My question is: Hadoop is installed on all the cluster nodes.我的问题是:Hadoop 安装在所有集群节点上。
Should I also install Pig on all the cluster nodes or only on the master node?我应该在所有集群节点上还是只在主节点上安装 Pig?

You would want to install Hive Metastore and Hive Server on 2 different nodes.您可能希望在 2 个不同的节点上安装 Hive Metastore 和 Hive Server。 By default, hive uses derby database, but most of the people choose to go with MySQL so there will be a MYSQL server daemon also.默认情况下,hive 使用 derby 数据库,但大多数人选择使用 MySQL,因此也会有一个 MYSQL 服务器守护程序。 So not to confuse you anymore :所以不要再混淆你了:

  1. Install HiveServer and WebHcat Server on one node在一个节点上安装 HiveServer 和 WebHcat Server
  2. Install Hive Metastore and MySQL server on another node.在另一个节点上安装 Hive Metastore 和 MySQL 服务器。

This is the best practice.这是最佳做法。 If you have any other doubt you can ask!如有其他疑问可以追问!

I cannot tell if the question is about Hive or Pig, but there's a difference between clients and servers.我不知道问题是关于 Hive 还是 Pig,但是客户端和服务器之间是有区别的。

For Hive, the master services are the Metastore and HiveServer2.对于 Hive,主服务是 Metastore 和 HiveServer2。 You can install these daemons on the same server to improve network traffic between the metastore and the Hive query compiler.您可以将这些守护进程安装在同一台服务器上,以改善 Metastore 和 Hive 查询编译器之间的网络流量。 You only need one client to communicate with those masters.您只需要一个客户端即可与这些大师进行交流。

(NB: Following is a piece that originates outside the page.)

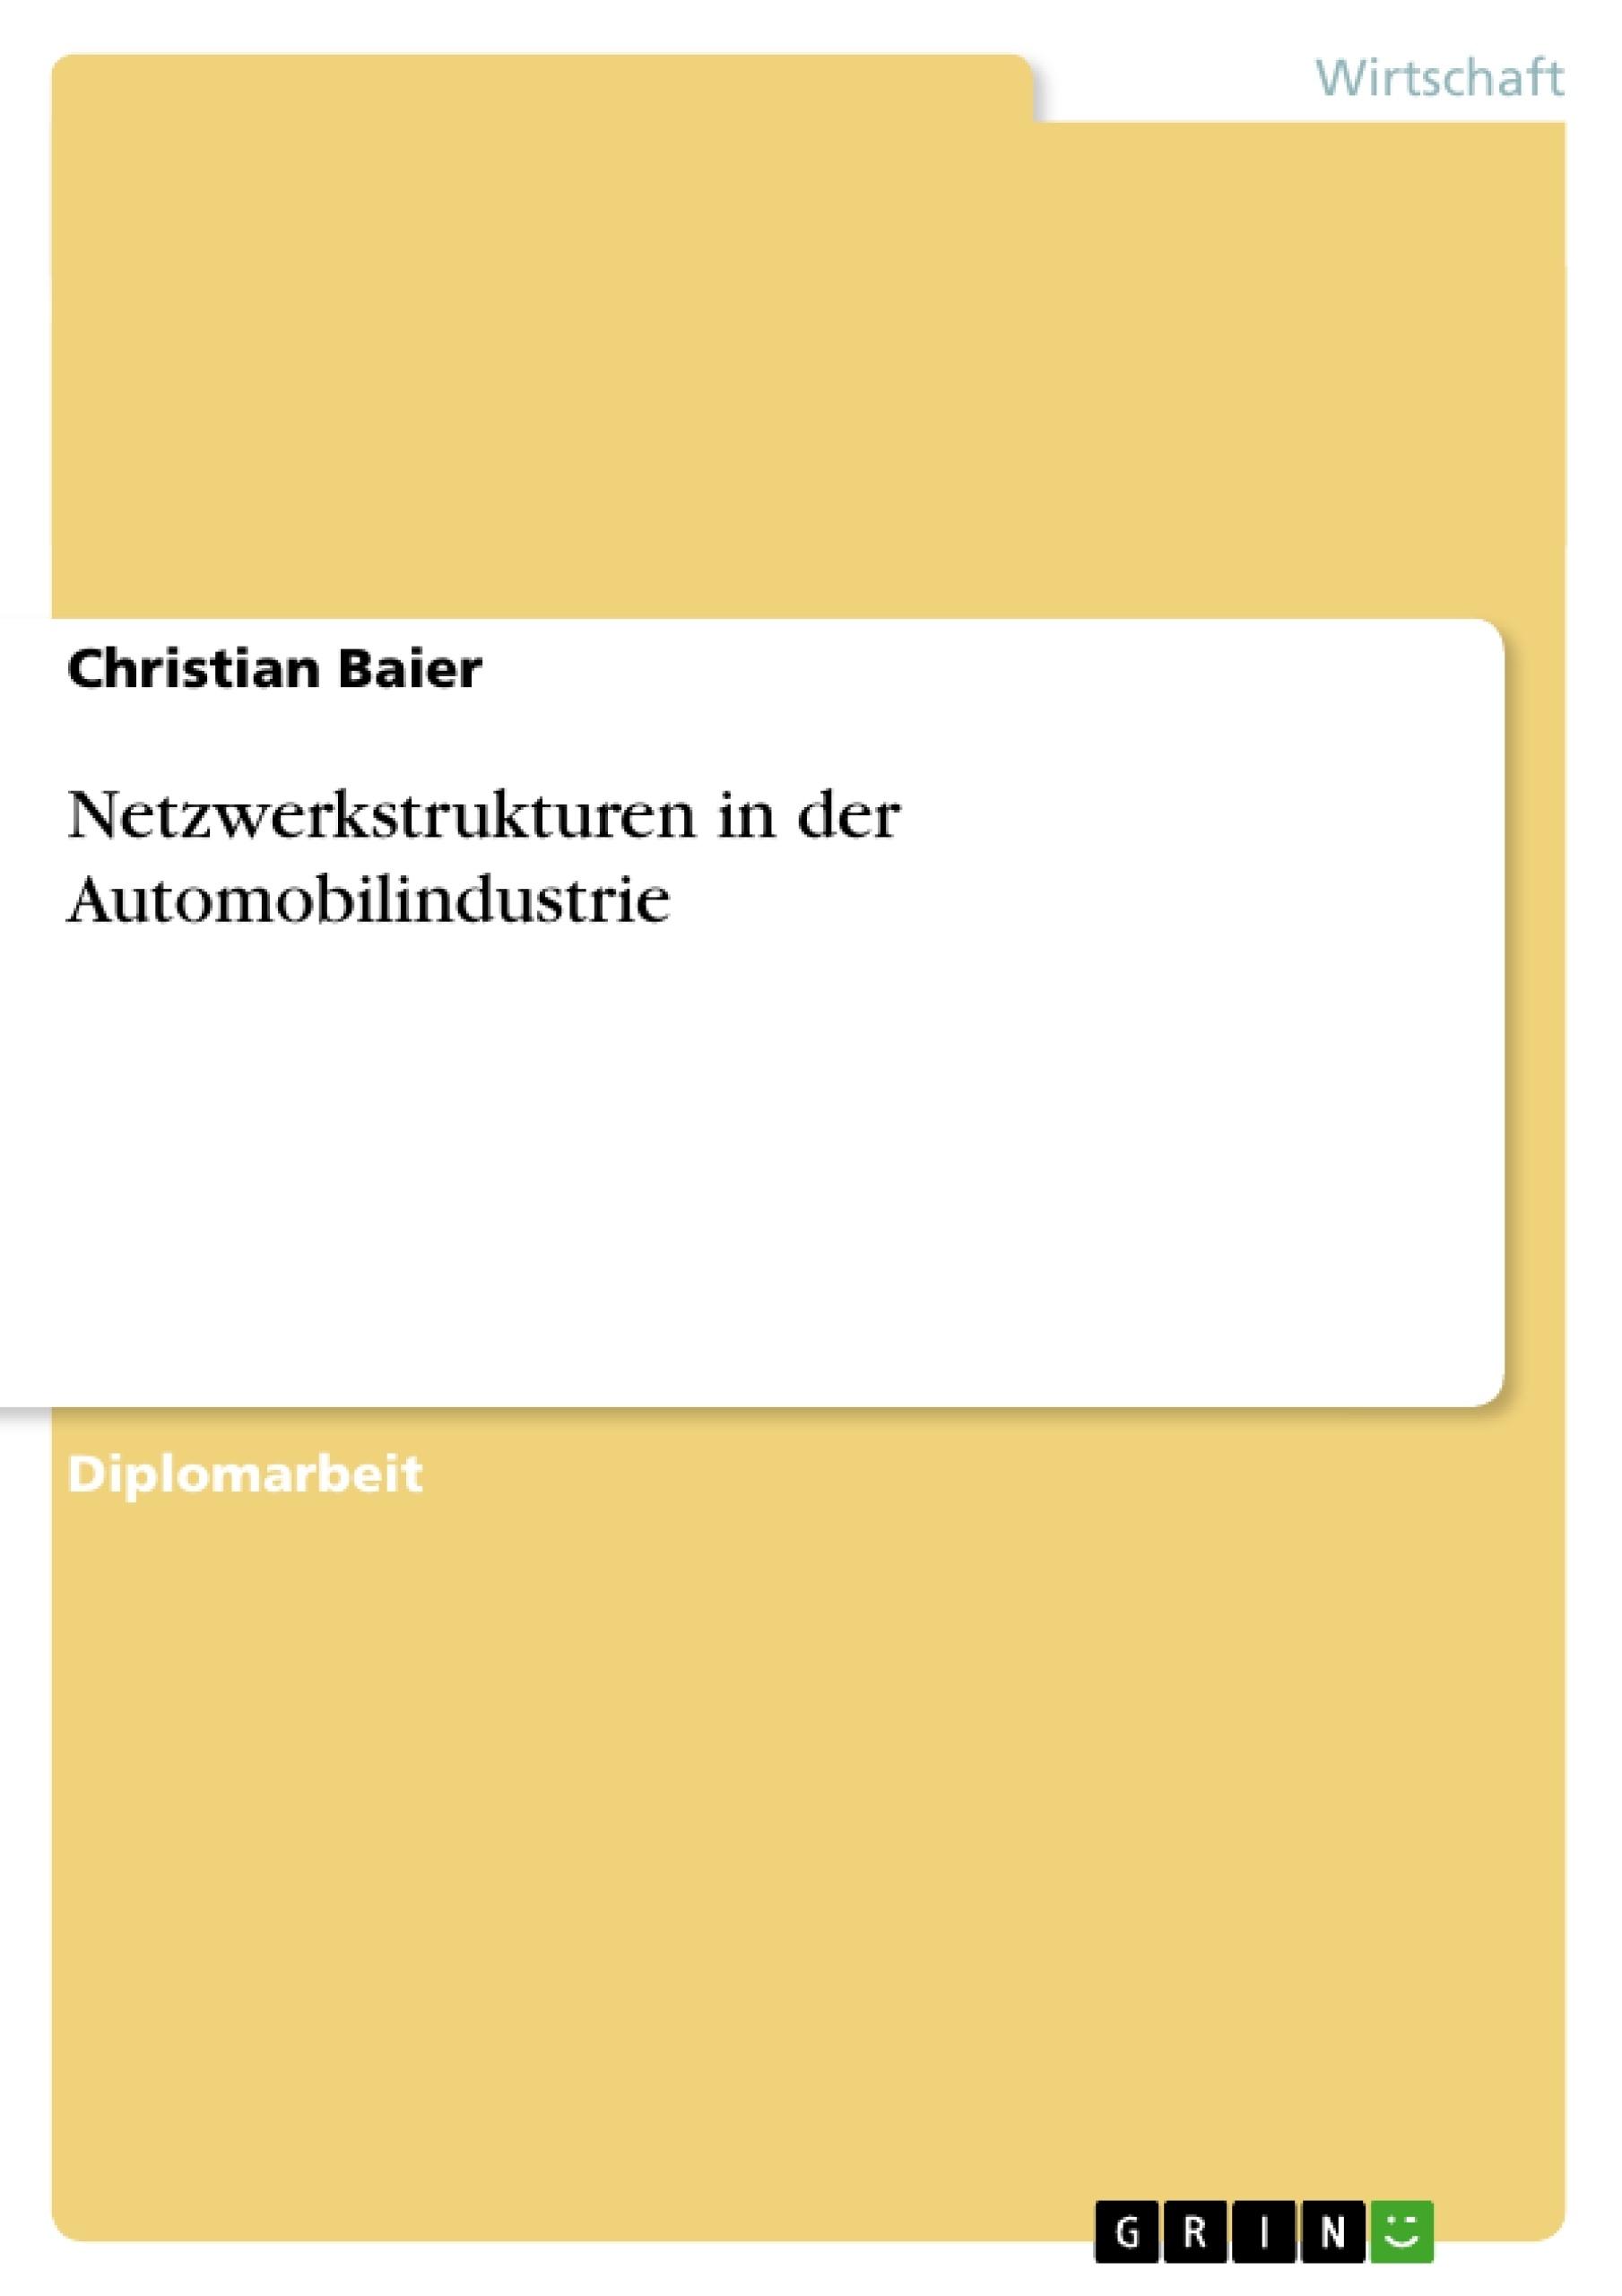 Titel: Netzwerkstrukturen in der Automobilindustrie

For Pig, it communicates directly to YARN and HDFS (optionally Hive, if you use Hcatalog).对于 Pig,它直接与 YARN 和 HDFS 通信(如果您使用 Hcatalog,则可以选择 Hive)。 Again, it's only a client, so only one hosts needs it.同样,它只是一个客户端,所以只有一个主机需要它。

It is generally preferred to have a dedicated set of machines for Hive and the backing RDBMS for the metastore (Mysql or Postgres being the more popular options)通常首选为 Hive 提供一组专用机器,并为 Metastore 提供支持 RDBMS(Mysql 或 Postgres 是更受欢迎的选项)

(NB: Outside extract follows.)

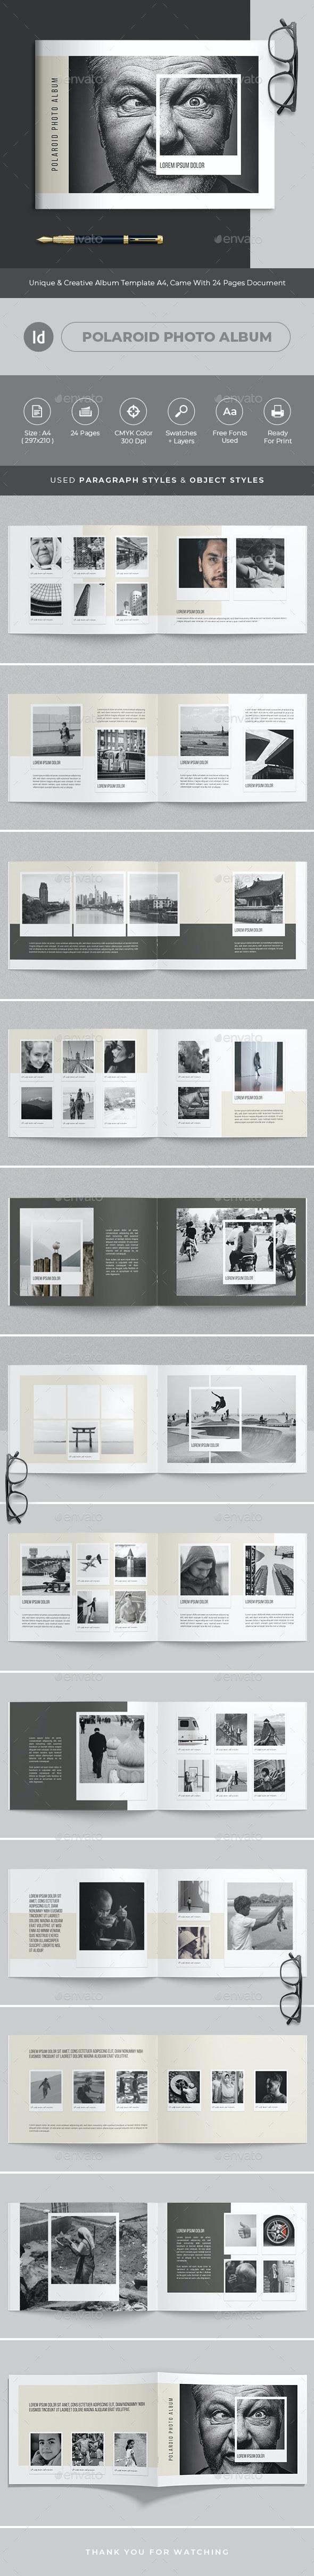 Polaroid Photo Album - Photo Albums Print Templates

You also don't need to "install Pig in the cluster".您也不需要“在集群中安装 Pig”。 For example, I could grab the Hadoop XML configs and run some Pig code against the YARN cluster from any outside computer after downloading Pig locally (same applies to Spark)例如,在本地下载 Pig 后,我可以从任何外部计算机获取 Hadoop XML 配置并针对 YARN 集群运行一些 Pig 代码(同样适用于 Spark)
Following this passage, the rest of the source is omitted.